McFarlane wanted a $50 million budget. At that price tag, Fox wasn’t interested. In fact, they felt much better about another comedy, Abraham Lincoln: Vampire Hunter.
Ted was dropped from Fox’s development schedule. Once something like that gets around Hollywood, no other studios wants to be perceived as scrambling to pick up a rival studio’s “castoffs.”
Luckily for MacFarlane, his TV show Family Guy was very popular with studio insiders. He shopped the Ted script around town for a while, until Universal finally took an interest.
They didn’t balk at the $50 million price tag. With Mark Walberg starring, and Seth voicing Ted, the film went on to make almost $200 million.
To make matters worse for Fox, Abraham Lincoln: Vampire Hunter was a flop at the box office. Meanwhile, McFarlane has already done a sequel, Ted2, for Universal.
6. The Usual Suspects, written by Christopher McQuarrie was rejected by every major and minor studio in town. It was an extremely complex script. No one understood a word of it, except Kevin Spacey, for whom it had been written.
The Usual Suspects screenplay had a maze-like complicated storyline. Many studio executives couldn’t quite follow it. Luckily for McQuarrie, his old friend Bryan Singer, a director, struggled to find the movie a financier.
Singer directed another McQuarrie script that won the Grand Jury Prize at Sundance. Suddenly, film financiers became more interested in the next Singer/McQuarrie project.
Finally, Singer found the funding to shoot the film, and was able to get Kevin Spacey to play the key role of the man who turns out to me the mysterious Keyser Soze. When the film was shot, the jury was still out.

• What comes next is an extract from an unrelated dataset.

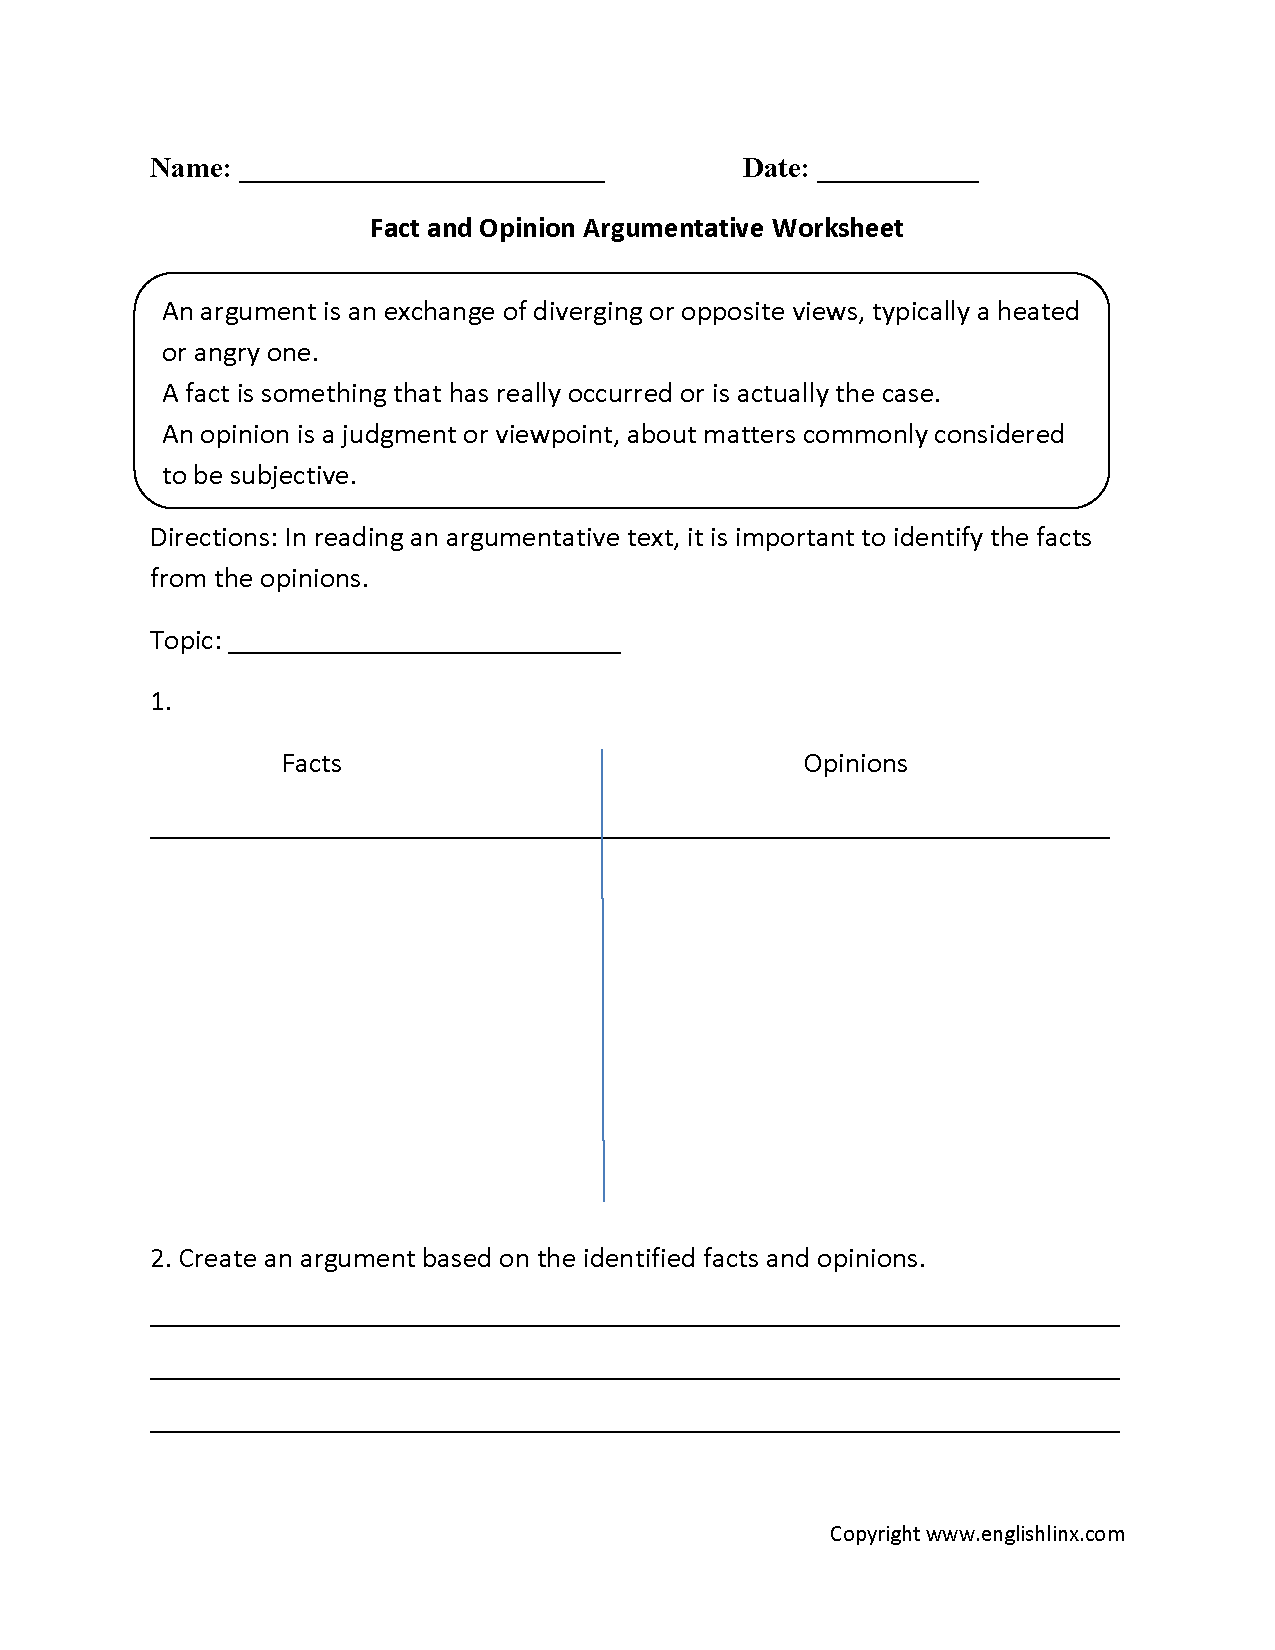 Fact and Opinion Argumentative Worksheets
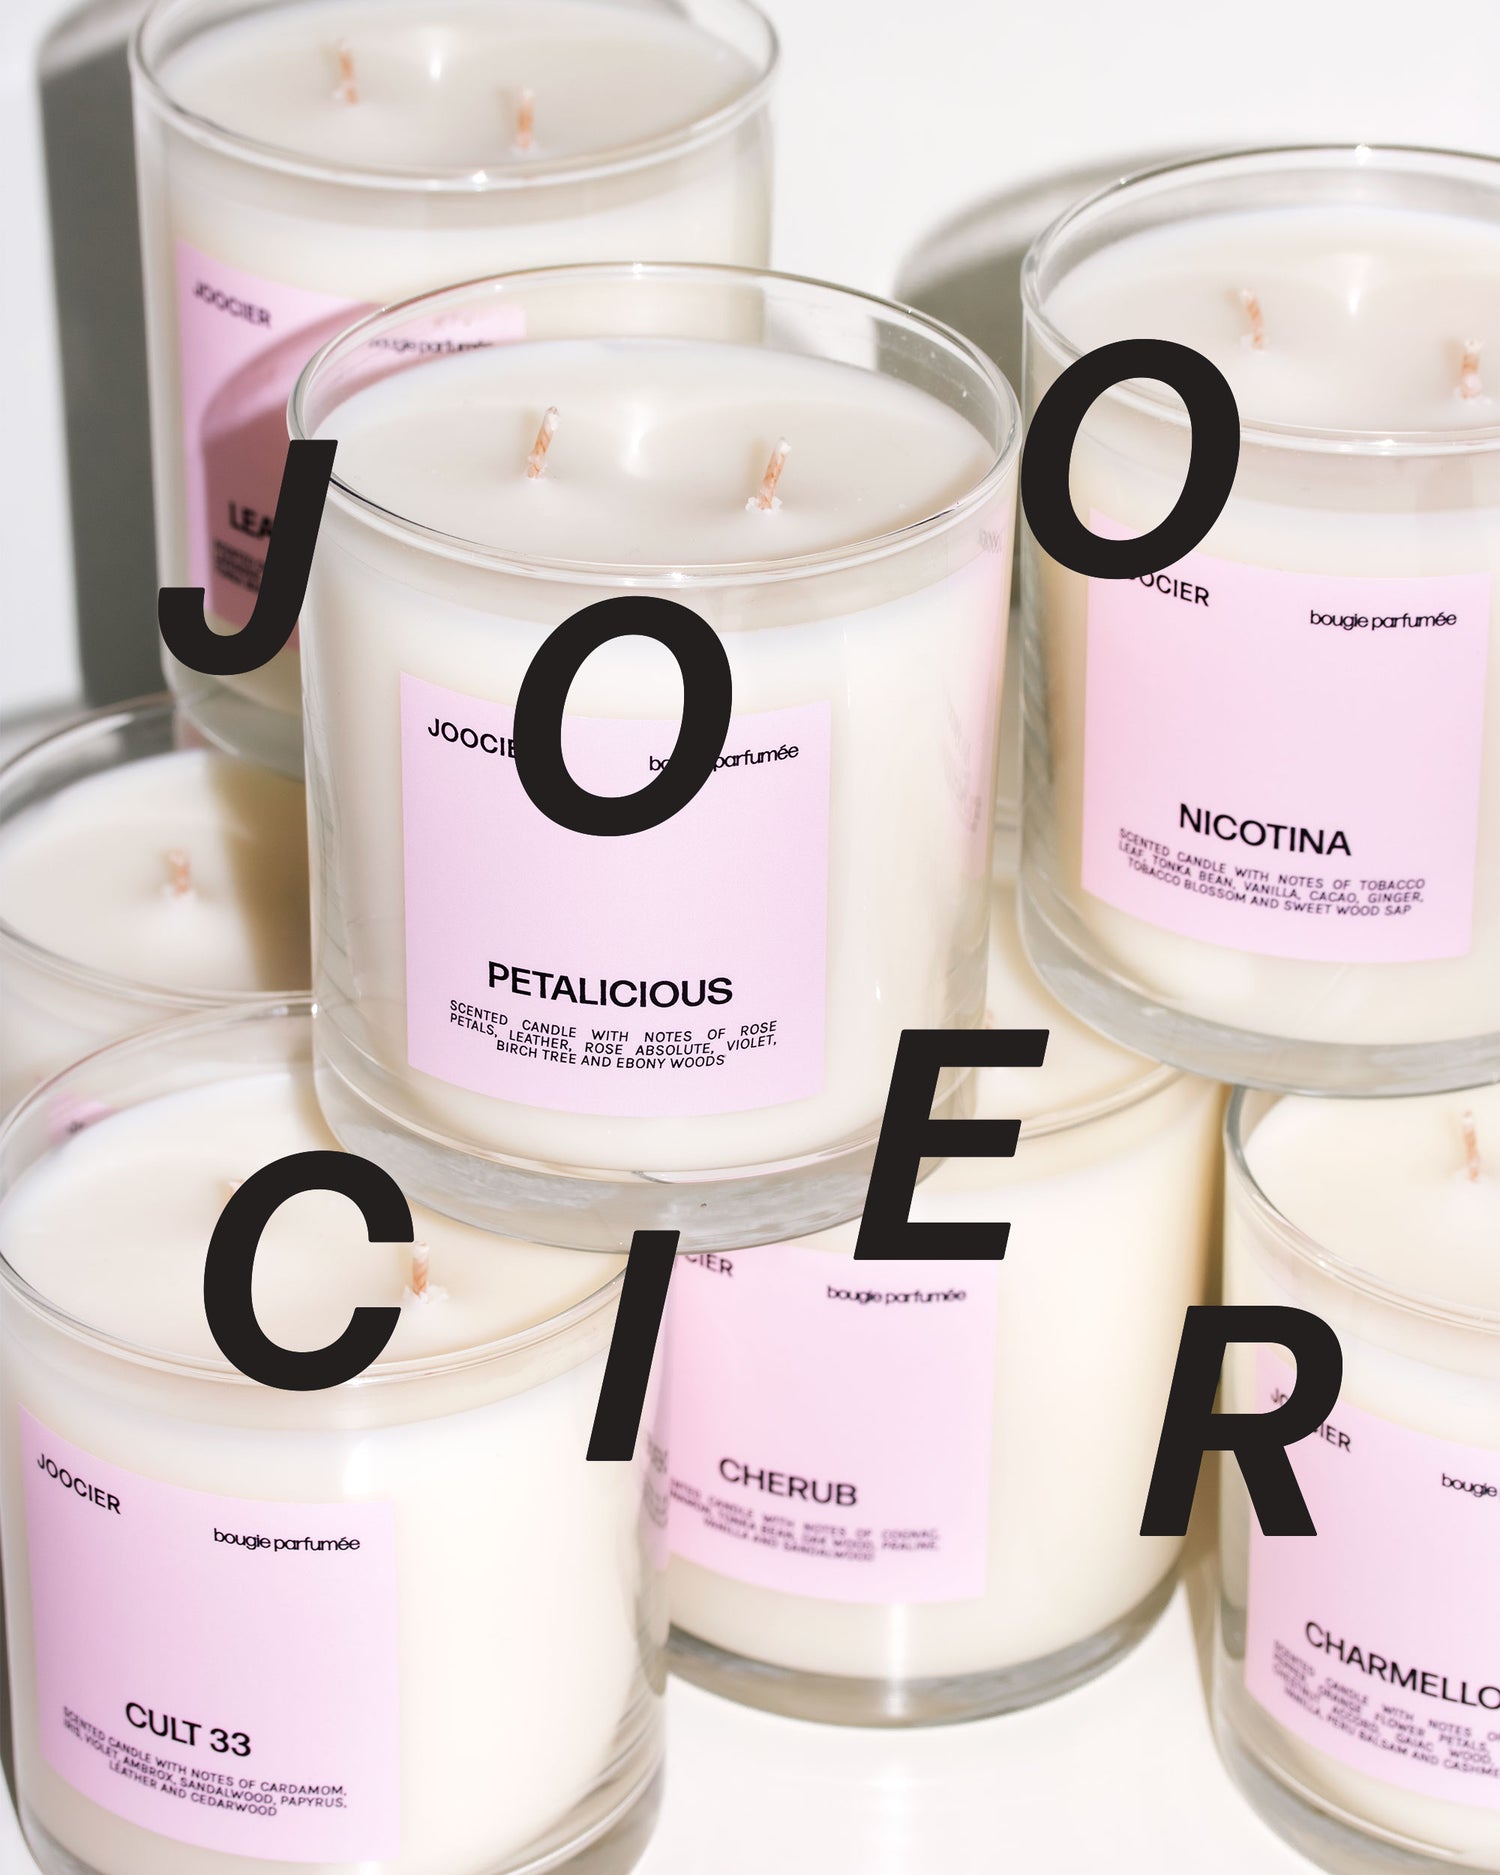 SHOP ALL CANDLES

McQuarrie remembers another film executive telling him, “remake it with Mel Gibson in there and you’ll have a hit.”
Singer stuck with Spacey and The Usual Suspects became a huge hit. The screenplay won both the British and American Academy Awards. Spacey won the Academy Award for best actor as Keyser Soze. The film was eventually voted one of the 100 Greatest Screenplays by the Writers Guild of America.
William Goldman once said “nobody knows anything” in Hollywood. Studio executives make decisions based on what worked last week, what their interns think, or which scripts their girlfriends liked. Keep that in mind. And there’s a lot of random luck involved. You can get 1,000 “no’s,” but all you need is one “yes.”